#### DATASET SECTION:

=-=-=

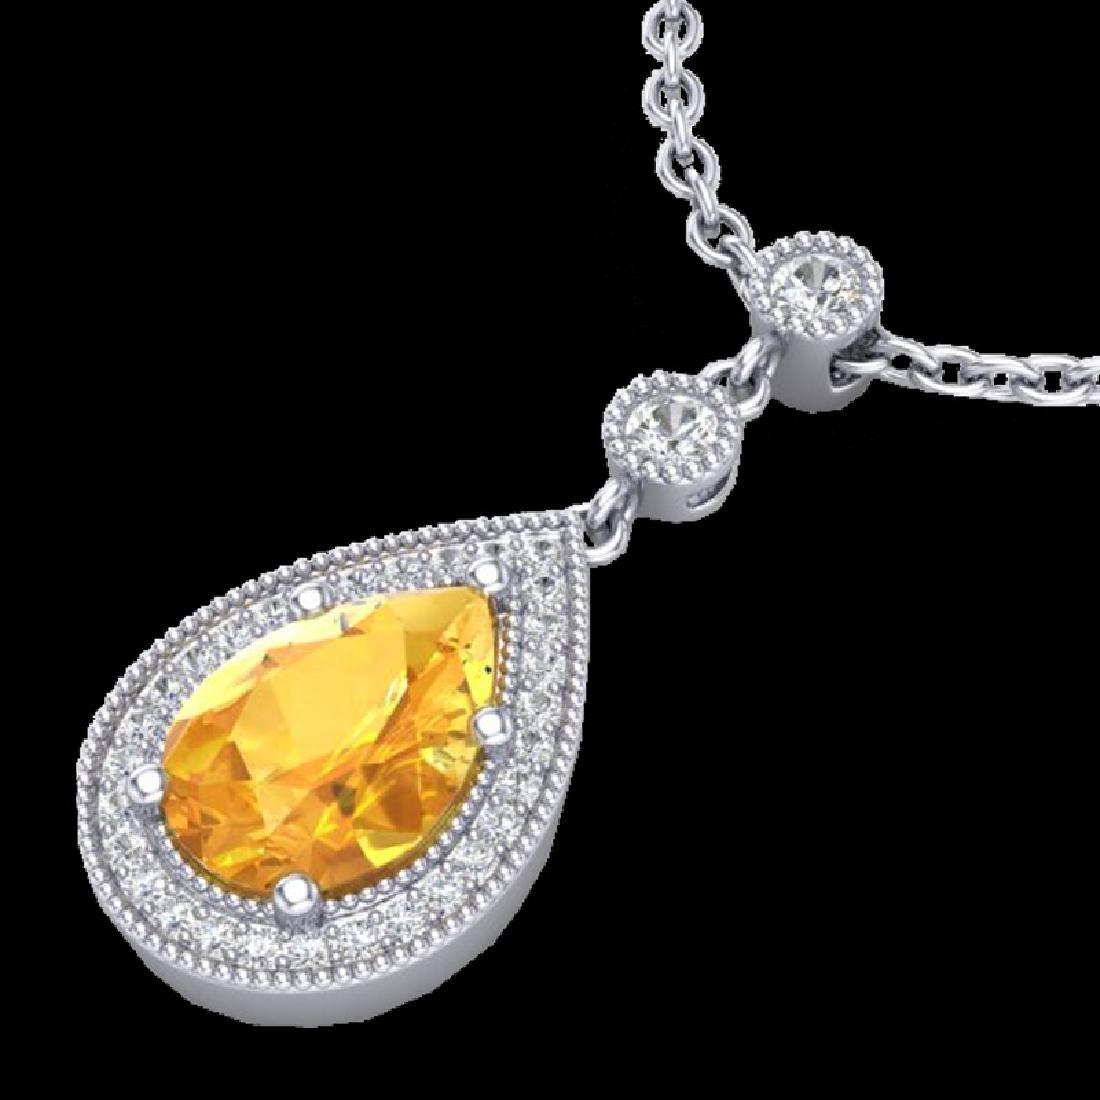 2.25 CTW Citrine & Micro Pave VS/SI Diamond Necklace
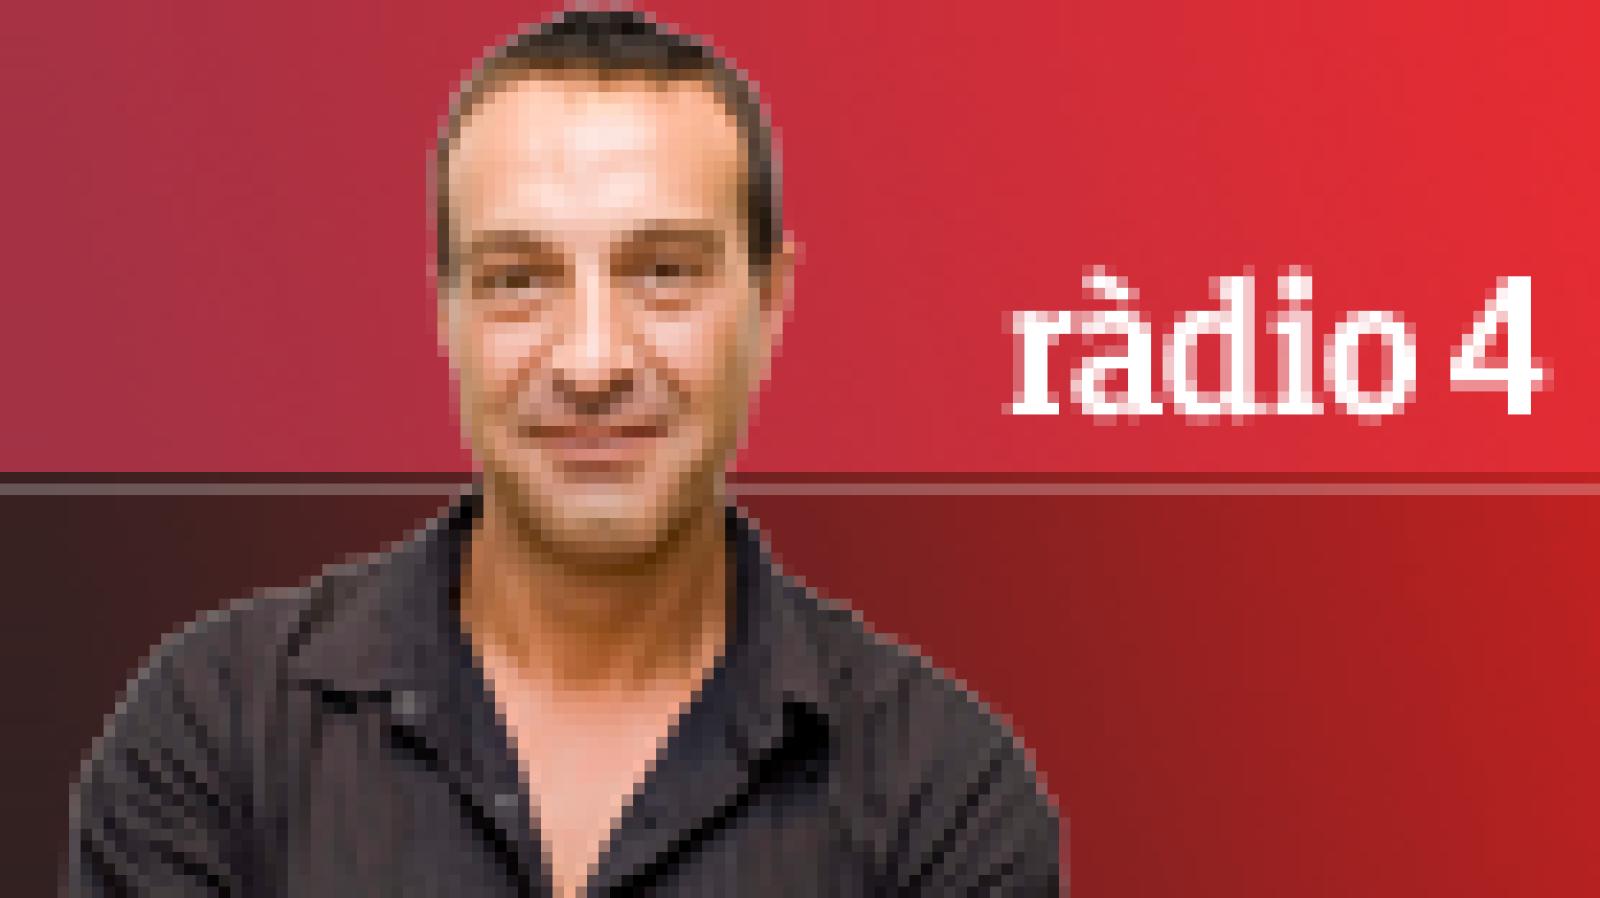 Matí a 4 Bandes - Entrevista a Leopoldo Abadía.  Tertúlia de joves, amb Dani Garcia, Adrián Pino, Mireia Huerta, Bernat Mallén i Benjamín Villegas
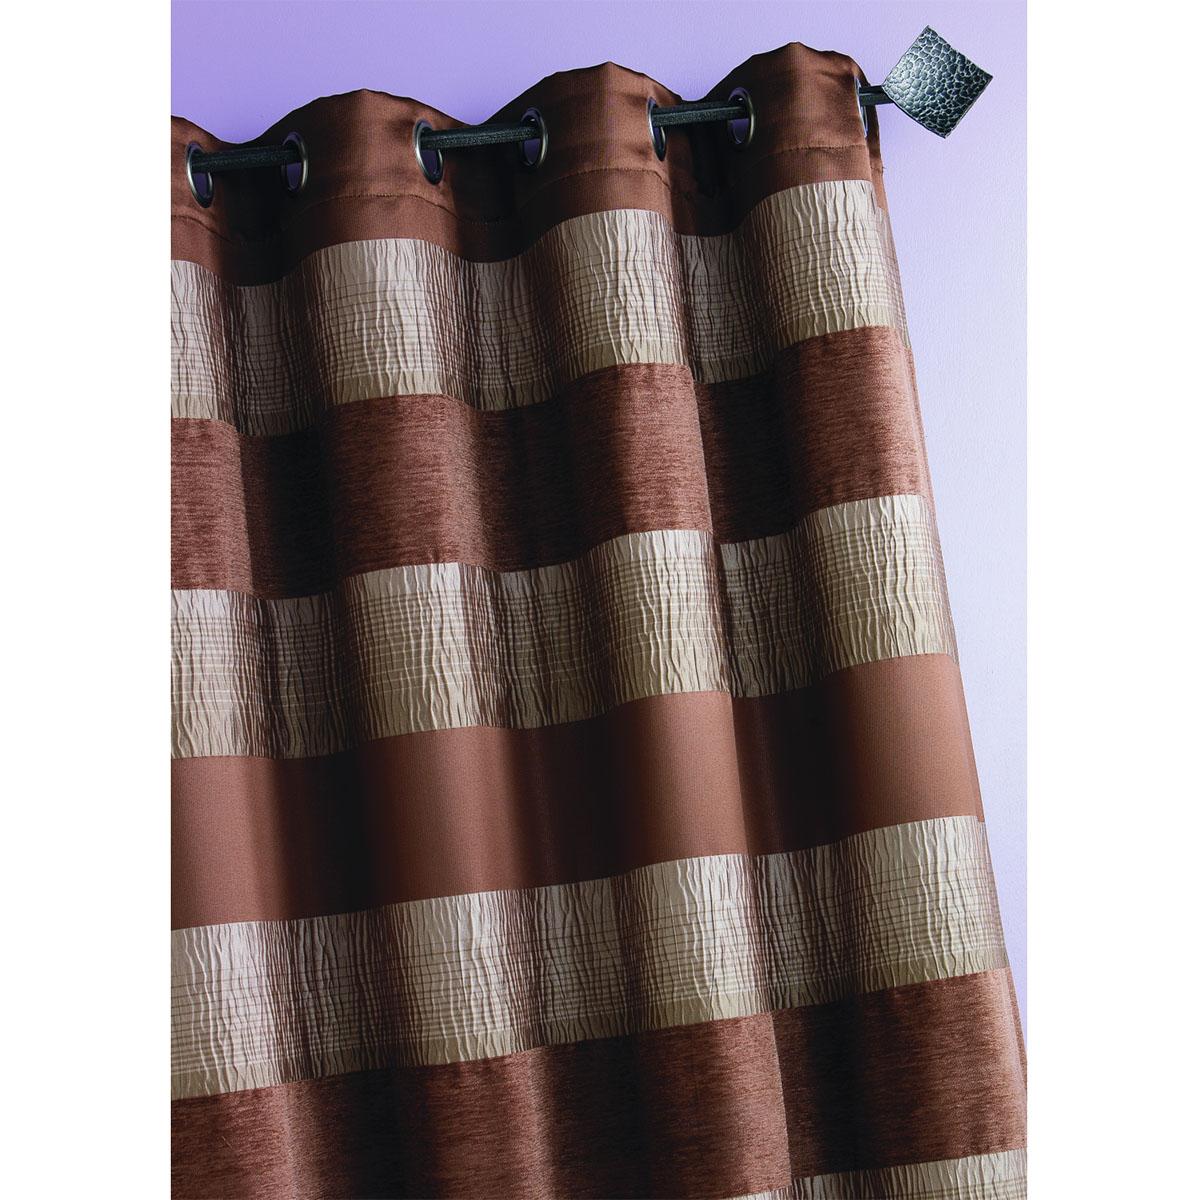 Rideau Jacquard grosses rayures horizontales (Taupe)

=-=-=

Once the pictures are set aside, what is needed is the lines from the line with "Matí a 4 Bandes" through the end of the data, written out exactly and alone.

#### ANSWER TO THIS EXERCISE:
 Matí a 4 Bandes - Entrevista a Leopoldo Abadía.  Tertúlia de joves, amb Dani Garcia, Adrián Pino, Mireia Huerta, Bernat Mallén i Benjamín Villegas
 Rideau Jacquard grosses rayures horizontales (Taupe)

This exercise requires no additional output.